Zennor stepped out and met him. "Why have you done this?"
"You know why," the Dana said. "This is our home space. The Danai are correct."
The galloping crew slowed down and few by few began to stop and watch the power struggle play out. None seemed surprised, though all were tense, and Kirk drew the sensation that this was an old struggle between the quest of the Danai and the hard science of machines and pilots, a struggle thousands of years old, today coming to a head.
"You have no proof," Zennor said when his crew dropped to a sizzling quiet and listened. He stepped closer to Garamanus. "You have told them a lie."
The reaction of the crew was bizarre—but somehow familiar to Kirk, who had seen many kinds of humanoids and aliens and had learned to read for clues. Color changes, changes in the shapes of eyes, altered posture. He saw all those now. Had anyone ever called a Dana a liar before?
Kirk entertained a particular shiver and kept his mouth shut.
"I know their secrets," the Dana told him. "I have seen their memories. They are the conquerors."
The priest indicated Kirk somehow without moving very much at all.
Relatively clear. Somehow he had managed to read the files even with mechanics from all the way across the galaxy.
While they were gone, power had shifted. How could they get it back?
"We are not conquerors," Kirk said. "I refuse to concede the point. The past you're talking about is all finished and all you have left is a festered memory. I'm urging you not to act on it."
"It is not festered," Garamanus said. "It is the Veil of Evermore and as real as you are. When we light the effigy and burn the one who cuts souls, it will be the beginning of our onslaught. We know who you are." He clasped the medallion hanging at his chest and turned it upward for the mirror side to show. Kirk saw the flickering reflection of his own face. "And we know who we are."

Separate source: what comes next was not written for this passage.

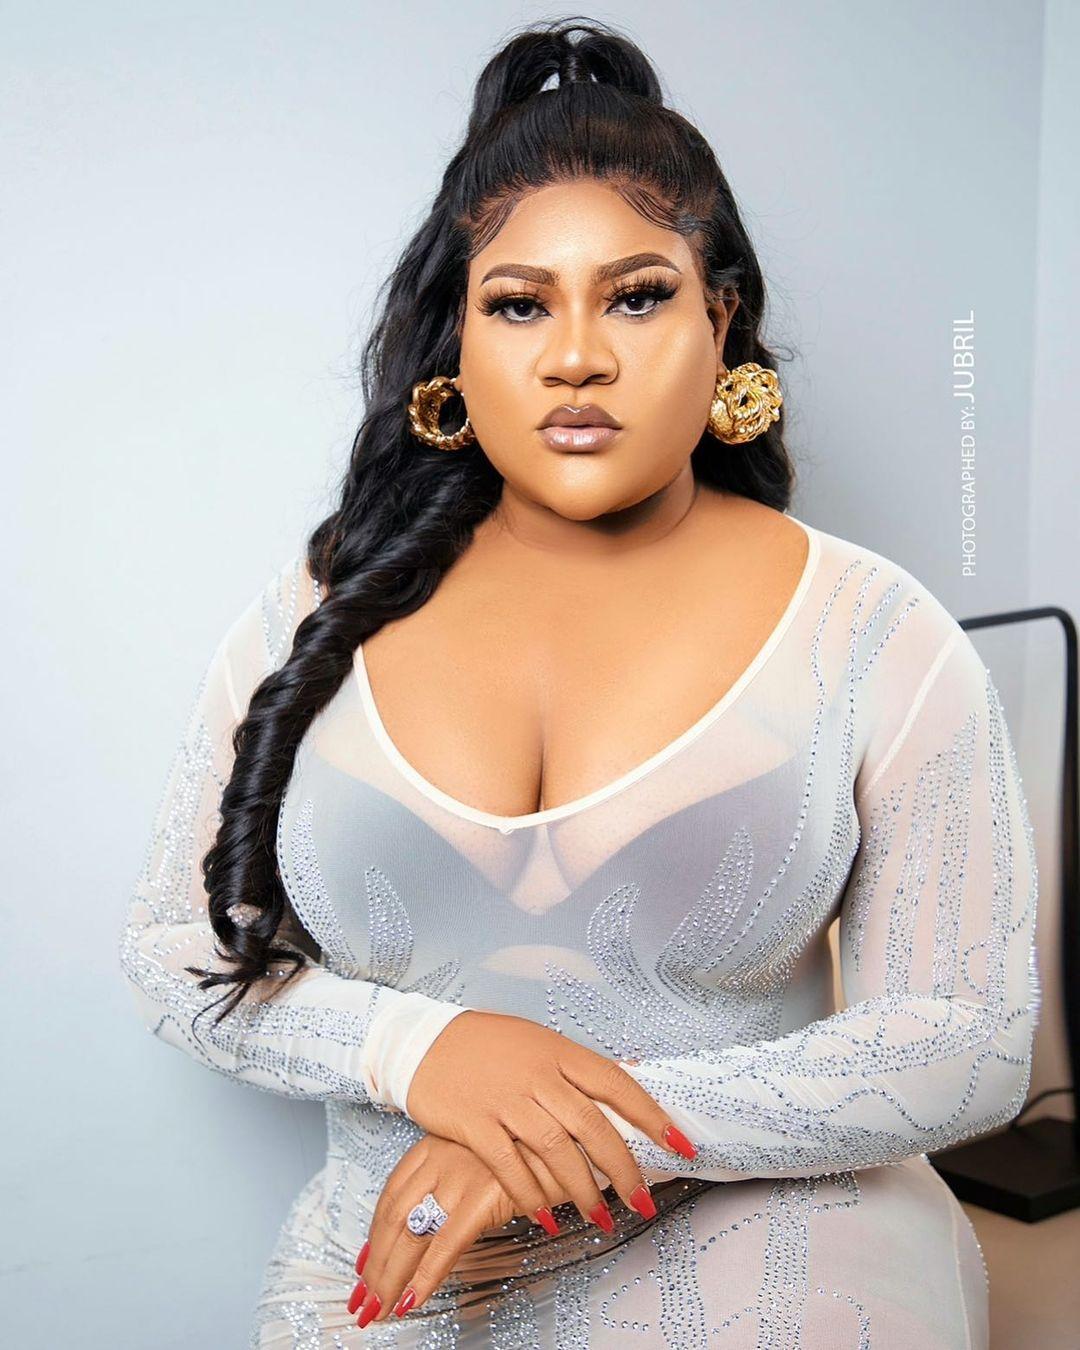 "Speak up, believe in yourself" - Nkechi Blessing’s politician boyfriend reacts to her suspension from Nollywood

"What's that supposed to mean?" Kirk demanded.
Garamanus clasped his own medallion, but did not hold it up. "We each wear a mirror, to be sure we will never forget what the damned look like. Until now, we held them only to ourselves. But that is all changed. Now we are not the cast-out, the despised, the unclean anymore … you are."
The Dana kept the small mirror up, and in it Kirk continued to see his own flushed face.

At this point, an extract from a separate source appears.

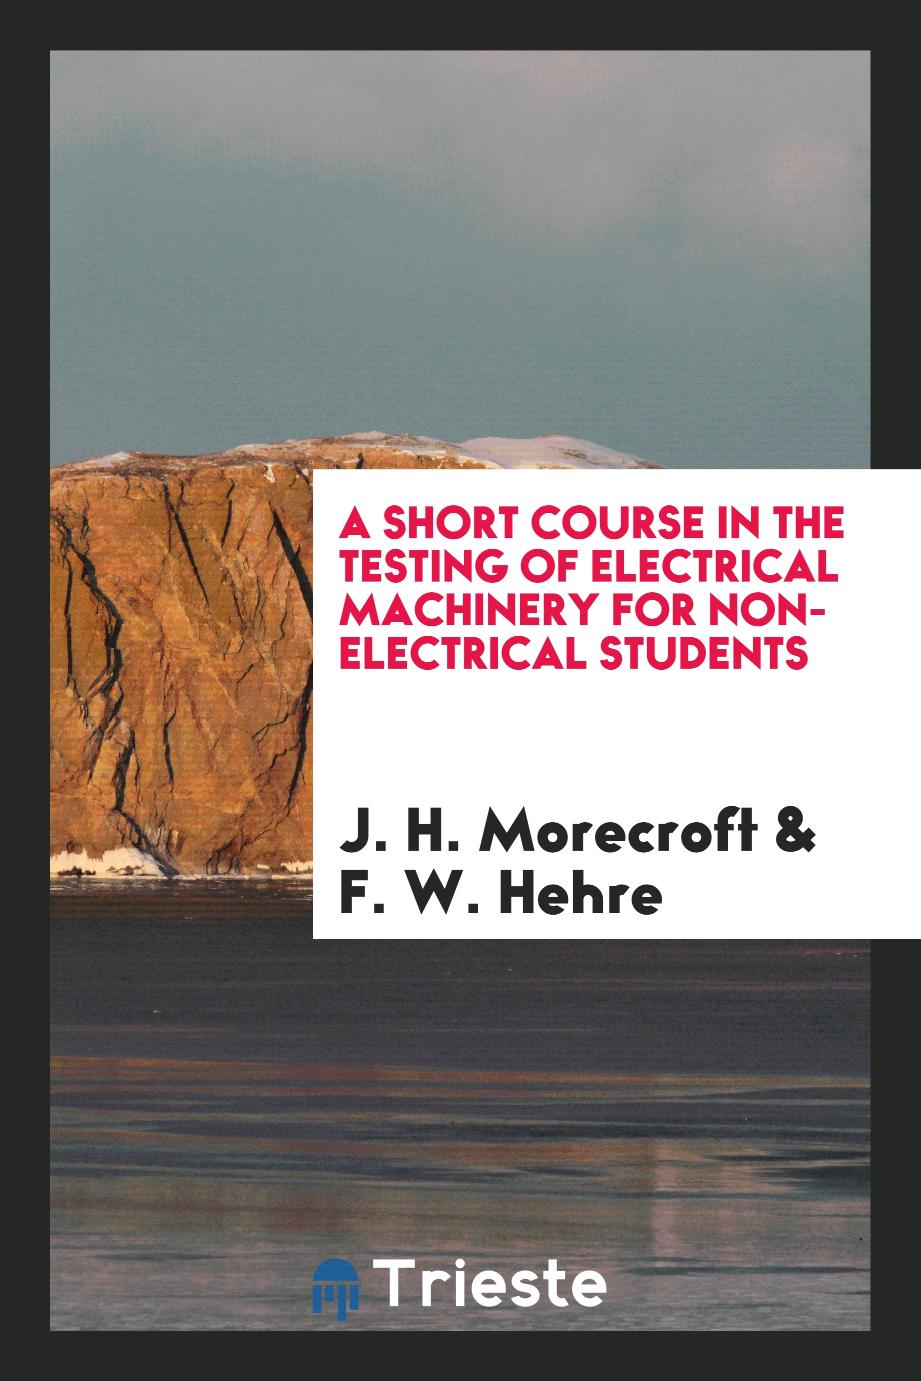 A short course in the testing of electrical machinery for non-electrical students

He reached out and pushed the mirror down.
"We did what you asked," he went on persistently, unable to keep the desperation out of his voice. His words sped up. "We investigated your data and it turned out to be nothing. There's no scientific proof—"
"You have not disproven us," the Dana said.
"But not proven either," Zennor claimed.
In the full flower of his newly acquired mantle, Garamanus raised his opal horns. "Thousands of years ago the Danai decided you would not understand these things. There are millions of little clues."